Jailed Turkish novelist working on Armenian Genocide book

PanARMENIAN.Net - Sentenced to life imprisonment in Turkey, Turkish journalist and novelist Ahmet Altan continues work on his ambitious series, the Ottoman Quartet, from Silivri Prison outside Istanbul. The fourth book of the series tackles the Armenian Genocide, a subject so taboo in Turkey that anyone who mentions it risks jail for “insulting Turkishness,” Publishers Weekly says.

Last February, Altan and five co-defendants were sentenced to life imprisonment for their alleged involvement in a 2016 coup attempt. Although Turkey’s supreme court had ruled that “no one could be arrested based on such evidence,” prosecutors insisted that the defendants had sent “subliminal messages” urging the overthrow of the government via television appearance and newspaper columns, and a panel of three judges agreed. An international outcry greeted this blatant violation of human rights and freedom of the press, including protests from PEN and Turkish Nobel laureate Orhan Pamuk.

Publisher Sandro Ferri, cofounder of Edizioni E/O in Italy and the English-language Europa Editions (based in New York and London) signed a deal with the jailed author to publish in Italian and English (translated from their original Turkish) Altan’s series of historical novels known as the Ottoman Quartet. (Ferri will also sell translation rights in other languages.) The first volume, Like a Sword Wound, will be released by Europa in October; Love in the Days of Rebellion will follow in fall 2019. The third novel, Dying is Easier than Loving, is not yet scheduled, and Altan is working on the untitled final volume in Silivri Prison outside Istanbul.

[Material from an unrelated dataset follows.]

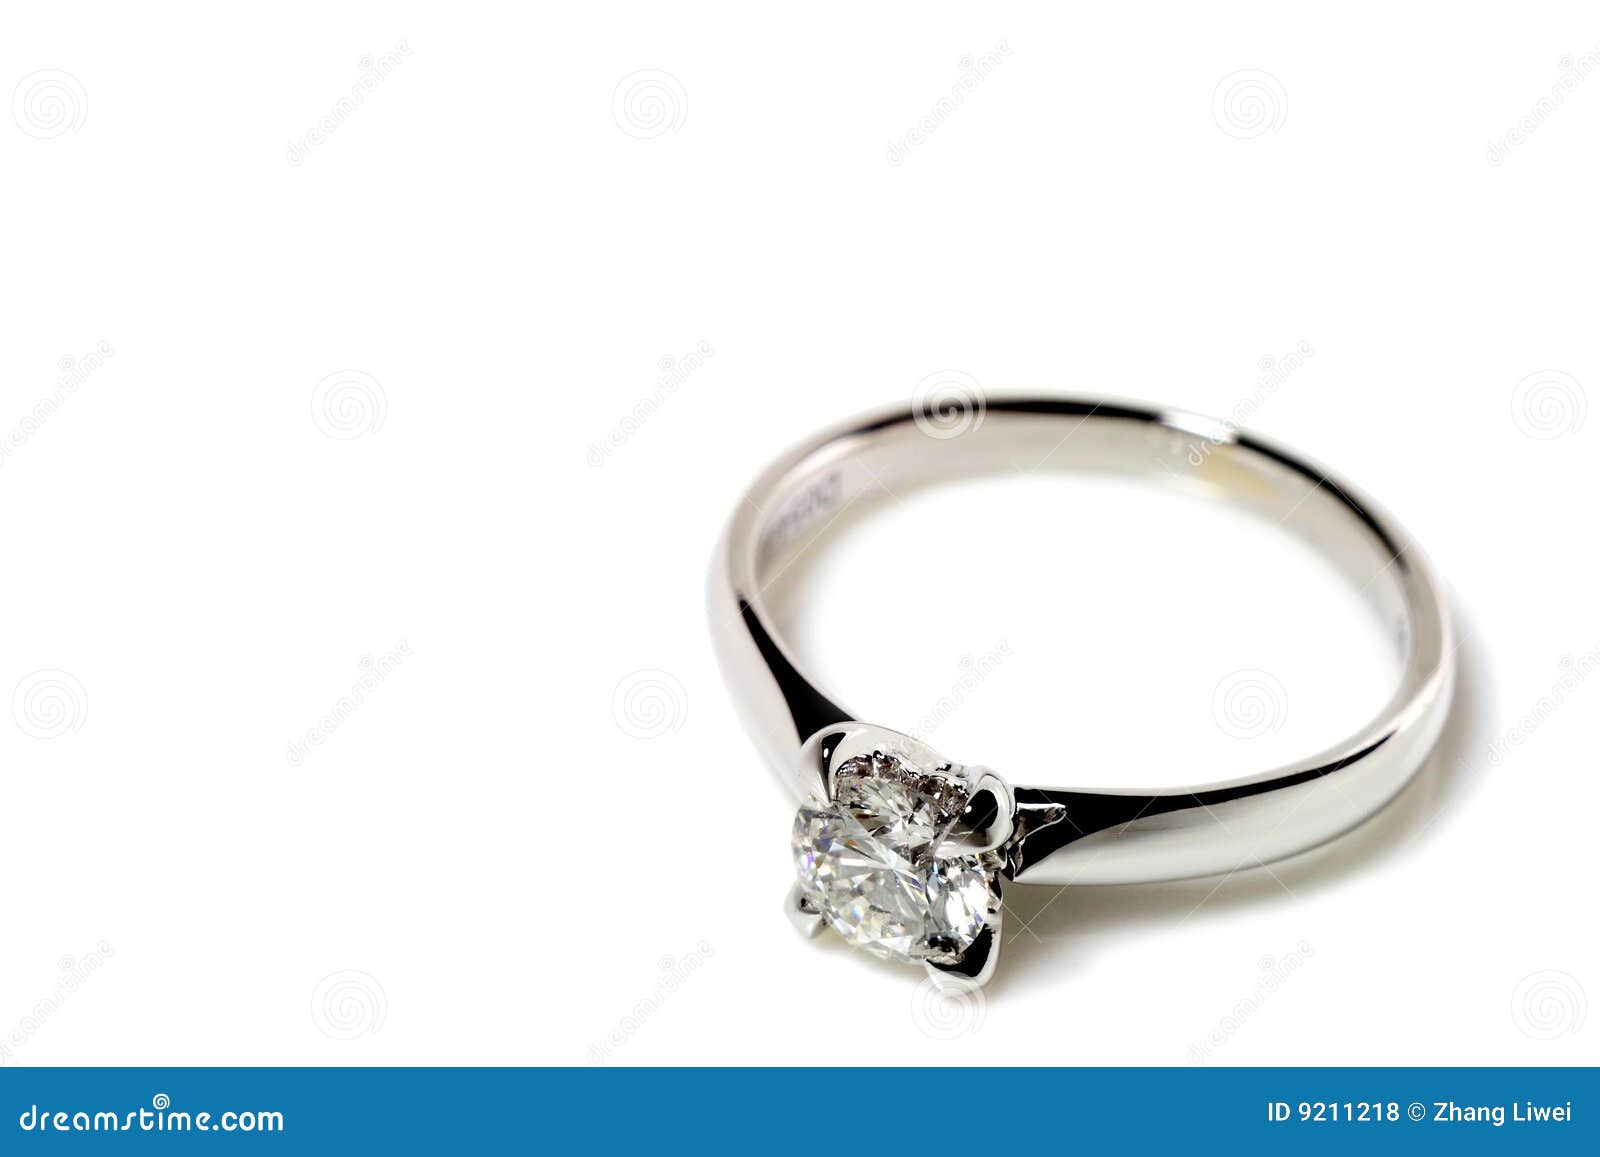 Diamond Ring stock photo. Image of matrimony, jewelry - 9211218

The writer refuses to be intimidated by would-be sultans. His website unabashedly states that the final volume of the Ottoman Quartet is set in 1915 and “tells the tales of the Battle of Gallipoli and the Armenian Genocide.” Altan is already well-known for his public statements about the genocide, a subject so taboo in Turkey that anyone who mentions it risks jail for “insulting Turkishness.”

“I think the best narration of the dark and bloody face of history is found in literature,” the author says. “Literature doesn’t only give us the historical truth, it also enables us to form emotional linkage to what happened in history, it enables us to carry inside the marks of the events of the past."

The Armenian Genocide

The Armenian Genocide (1915-23) was the deliberate and systematic destruction of the Armenian population of the Ottoman Empire during and just after World War I. It was characterized by massacres and deportations, involving forced marches under conditions designed to lead to the death of the deportees, with the total number of deaths reaching 1.5 million.

The majority of Armenian Diaspora communities were formed by the Genocide survivors.

Present-day Turkey denies the fact of the Armenian Genocide, justifying the atrocities as “deportation to secure Armenians”. Only a few Turkish intellectuals, including Nobel Prize winner Orhan Pamuk and scholar Taner Akcam, speak openly about the necessity to recognize this crime against humanity.

The Armenian Genocide was recognized by Uruguay, Russia, France, Lithuania, Italy, 45 U.S. states, Greece, Cyprus, Lebanon, Argentina, Belgium, Austria, Wales, Switzerland, Canada, Poland, Venezuela, Chile, Bolivia, the Vatican, Luxembourg, Brazil, Germany, the Netherlands, Paraguay, Sweden, Venezuela, Slovakia, Syria, Vatican, as well as the European Parliament and the World Council of Churches.